Poppy seeds are pretty tasteless until roasted, when they take on a nutty flavor similar to sesame seeds. They pair well with flavors including garlic, onion, lemon or orange zest, rum, vanilla, raisins, heavy cream, cinnamon, nutmeg, and blanched almonds or walnuts. You can use them just like you would sesame seeds. Ideas for adding poppy seeds to your diet include: (12)
- Making poppy seed dressing.
- Topping oatmeal or yogurt with mixed nuts and seeds, including a teaspoon or so of poppy seeds.
- Making gluten-free lemon poppyseed muffins.
- Adding poppy seeds to homemade bread, buns or other baked goods. Try making healthier versions of your favorite recipes using flours like almond or coconut flour.
- Making homemade granola or granola bars. Try grain-free granola with a mix of nuts, seeds and honey.
- Adding poppy seeds to chicken, tuna or salmon salad.
All nuts and seeds contain some “antinutrients” that may block absorption of some of their nutrients. Therefore, it’s ideal to soak the nuts/seeds before eating them since this reduces antinutrient content. Another option is to grind seeds in a coffee grinder or blender to break down the hard outer shells before eating them. When pulverized, ground seeds can be used as a flour in most gluten-free recipes, like pancakes, muffins, breads and even pastas. Seeds are sensitive to sunlight and heat, so always store them in a sealed, glass container in your refrigerator or freezer to keep their fatty acids from becoming rancid.

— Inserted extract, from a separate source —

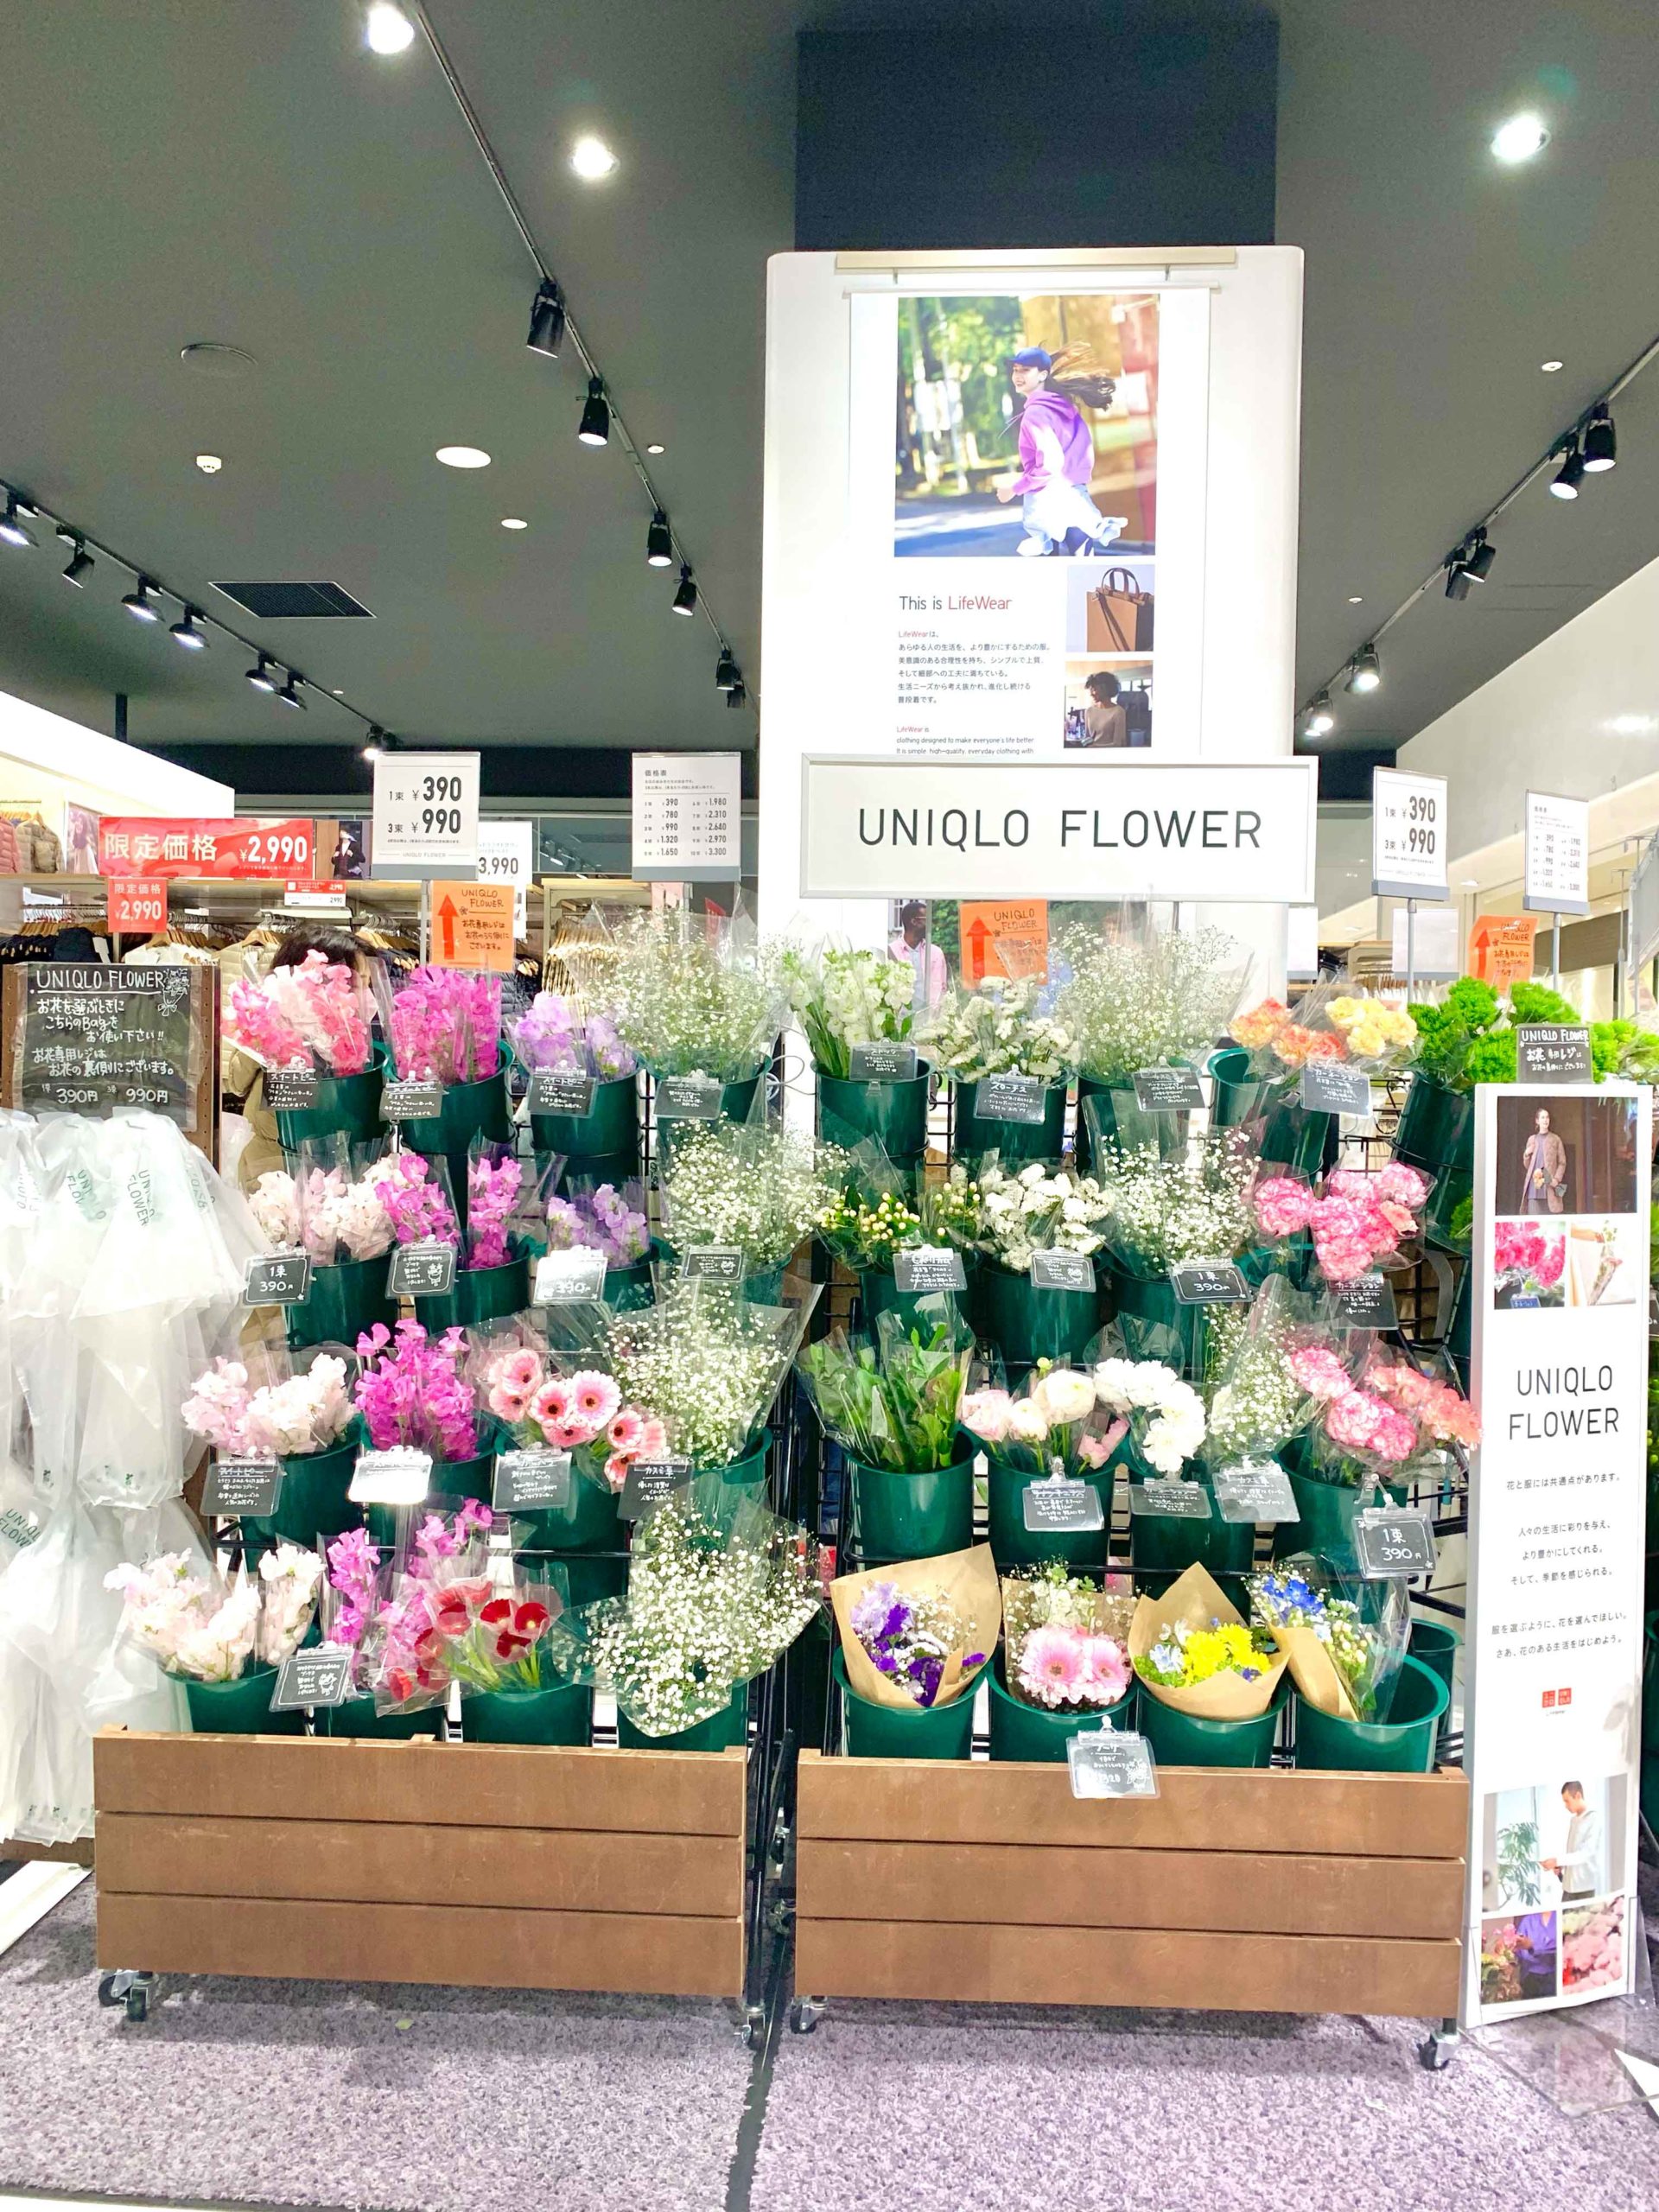 Uniqlo Flower あべのキューズモール店内 Tsunaguru

In some countries, you’ll find poppy seed paste is available commercially in tubes or cans. Normally, these pastes are used in dessert-making and contain a mixture of poppy seed, sugar, water and an emulsifier to keep the paste from separating. In the U.S., you can find poppy seed pastes under brand names like Solo and American Almond. These pastes are typically used like jam or almond paste to make filling for cakes, pastries, croissants, etc.

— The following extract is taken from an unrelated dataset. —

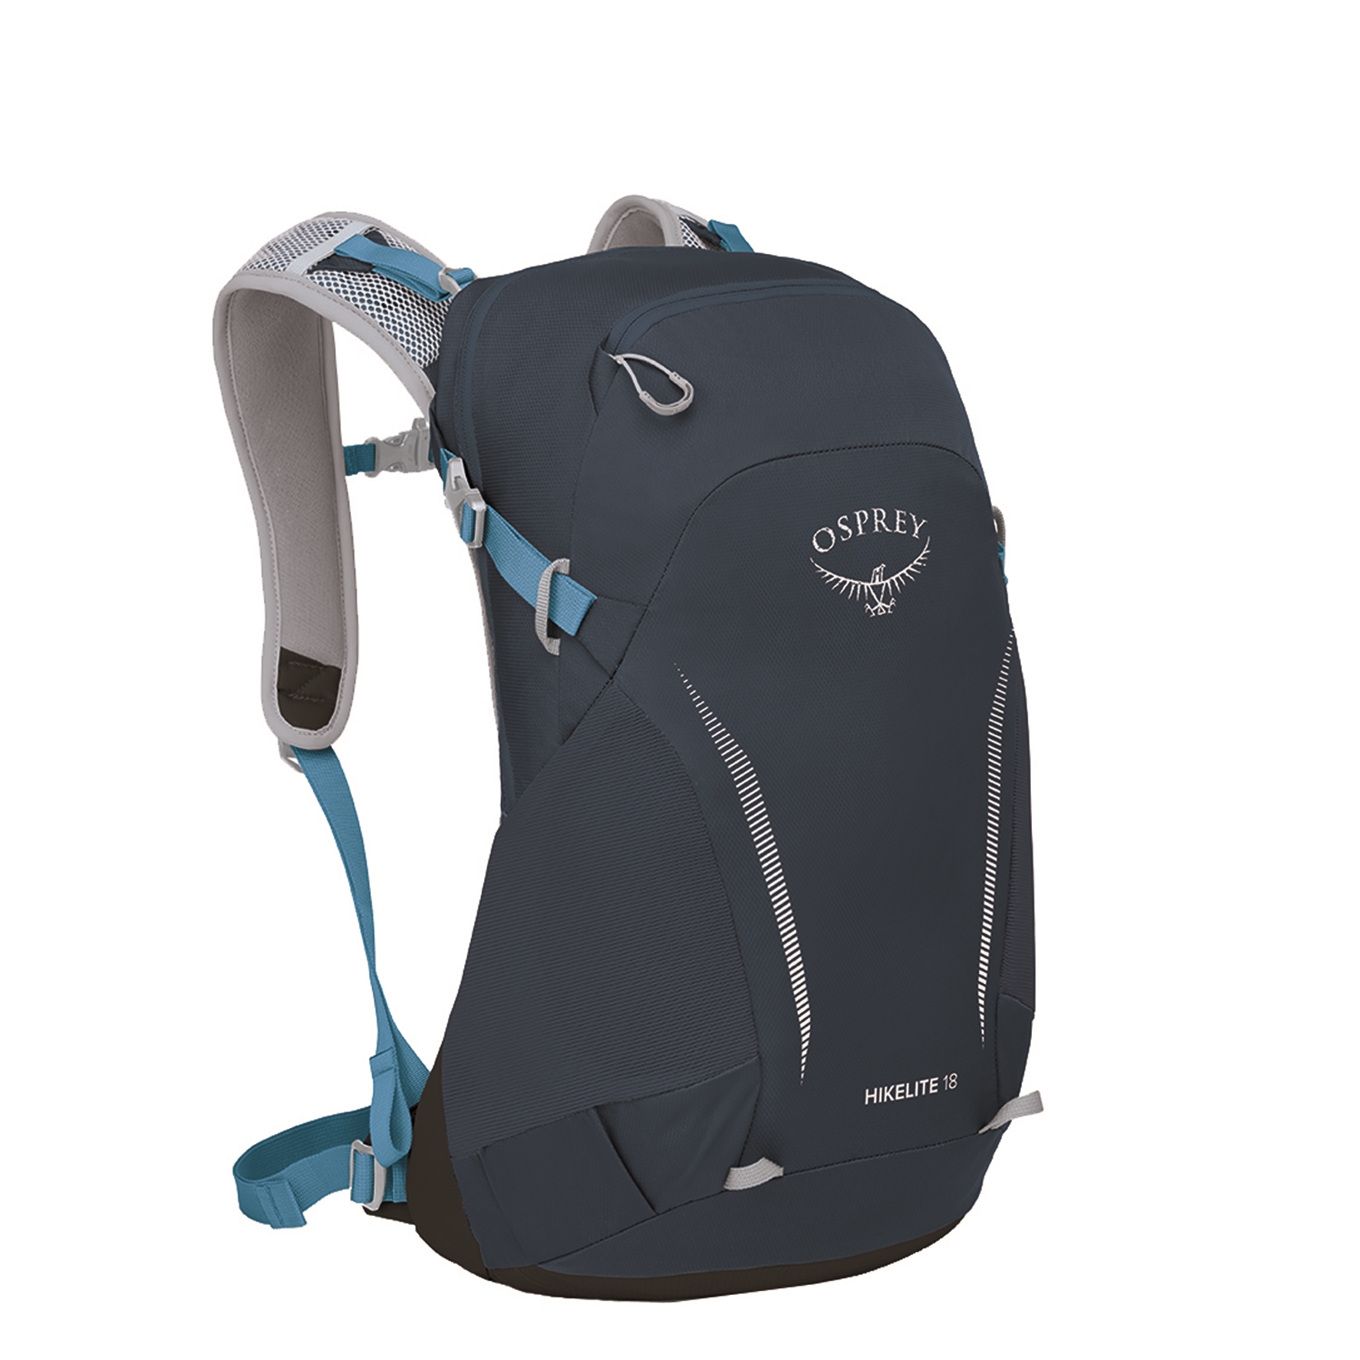 Osprey Hikelite 18 atlas blue backpack

How can you grow poppy seeds at home? Due to their complicated history as a source of opiates, it’s actually illegal to grow poppies in the United States. However, some people still choose to plant poppy flowers (such as species (P. somniferum, P. paeoniflorum and P. rhoeas) in their gardens because poppies produce nice-looking, pink or red flowers.
Poppy Seed Recipes
Try adding a tablespoon or more of poppy seeds to the healthy recipes below:
Precautions and Poppy Seed Side Effects
Just like with other seeds and nuts, in some people, eating poppy seed can cause allergic reactions. This is not very common, especially compared to allergies in response to peanuts or almonds, but it is possible. You’re most likely to be allergic to poppy seed if you also have allergic reactions to hazelnut, rye grain, kiwi, sesame or buckwheat.

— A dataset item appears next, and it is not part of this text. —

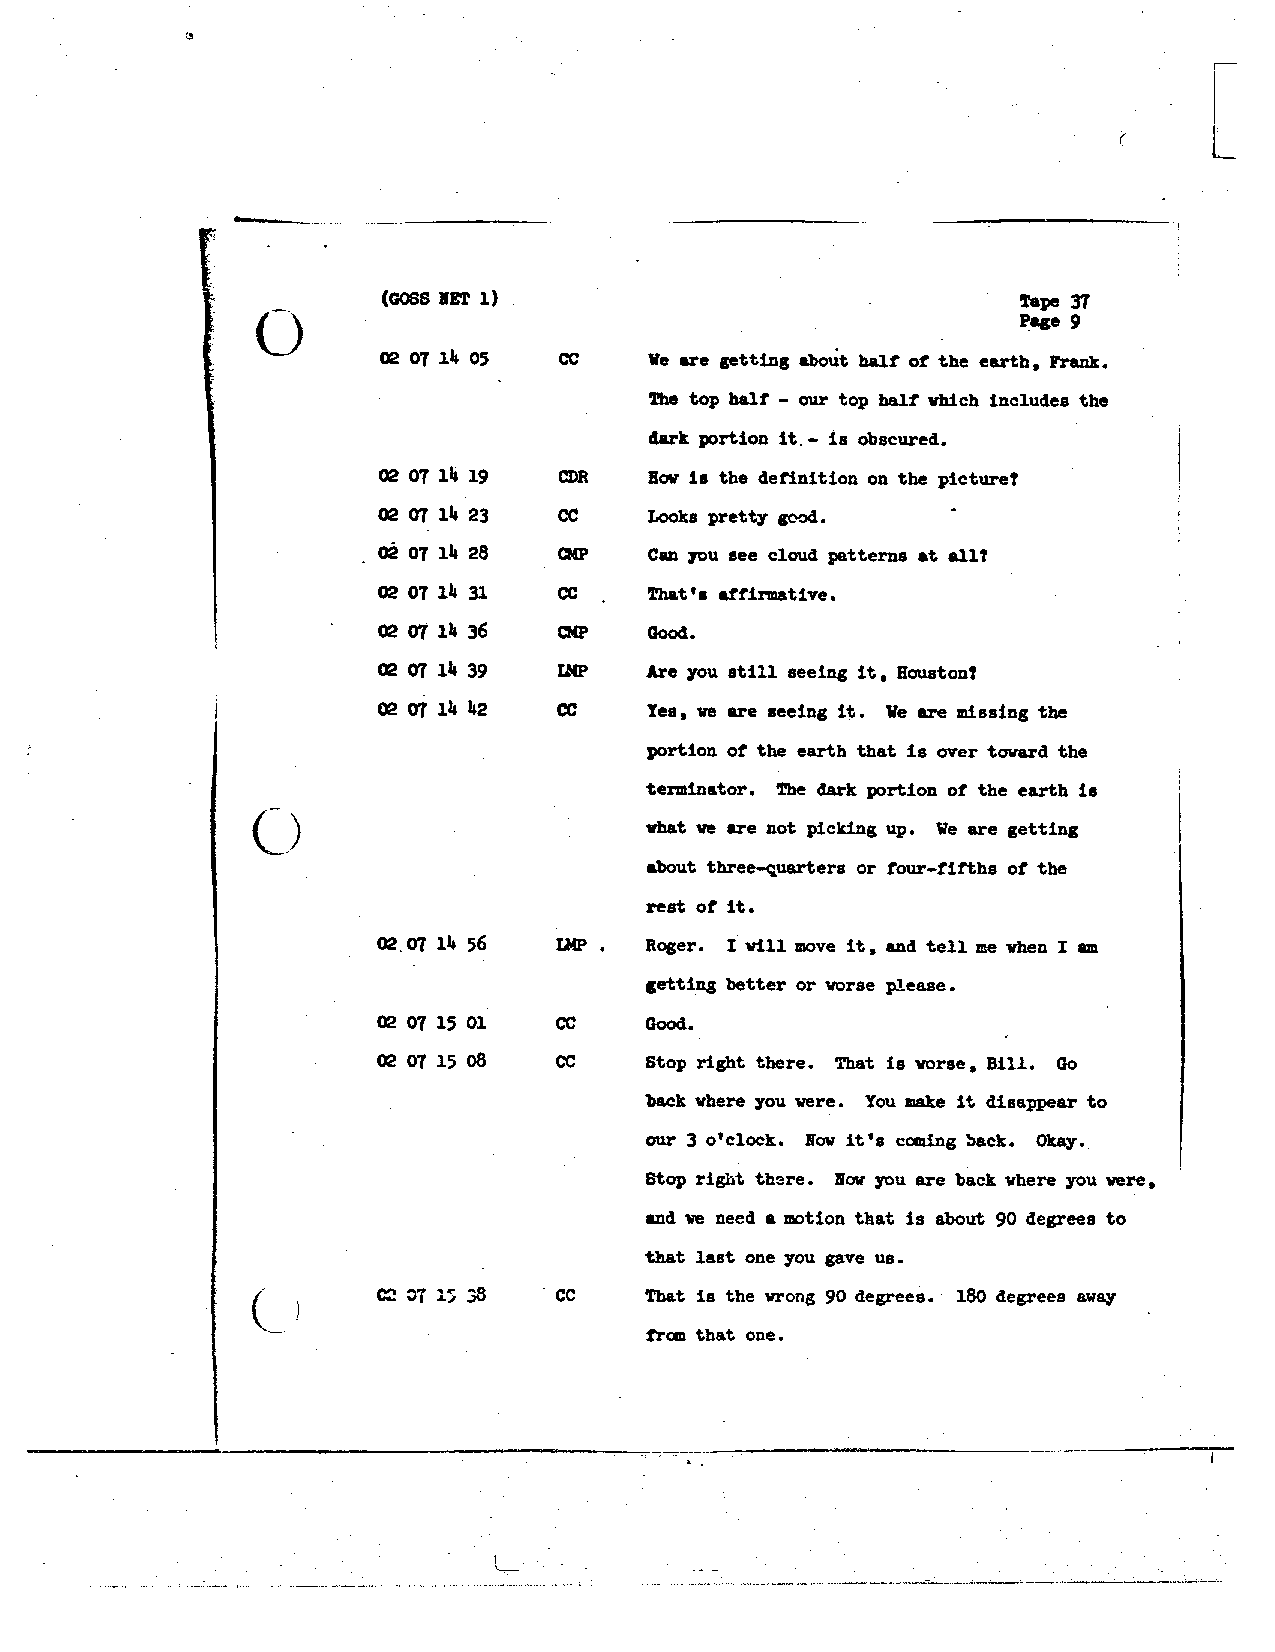 Page 291 of Apollo 8’s original transcript

While most people can eat food quantities of poppy seed with no problem, you should discuss using larger medicinal amounts with your doctor if you have a history of bowel-related problems, allergies or you’re pregnant/breastfeeding.
Final Thoughts on Poppy Seeds
- Poppy seeds (papaver somniferum) are small black/white/blue seeds that provide manganese, calcium, copper, zinc, iron, linoleic acid (and omega-6 fatty acid) and fiber.
- They are believed to have natural sedative effects and may help support restful sleep. While eating poppy seeds won’t get you high, the poppy seed plant is also used to make opiates (including heroin and morphine). The seeds themselves have very trace amounts of opiates, although sometimes they can cause false positives on drug tests.
- Poppy seeds can be added to granola, dressing, yogurt, chicken salads and baked goods. They may help relieve constipation, support bone health, and reduce coughs.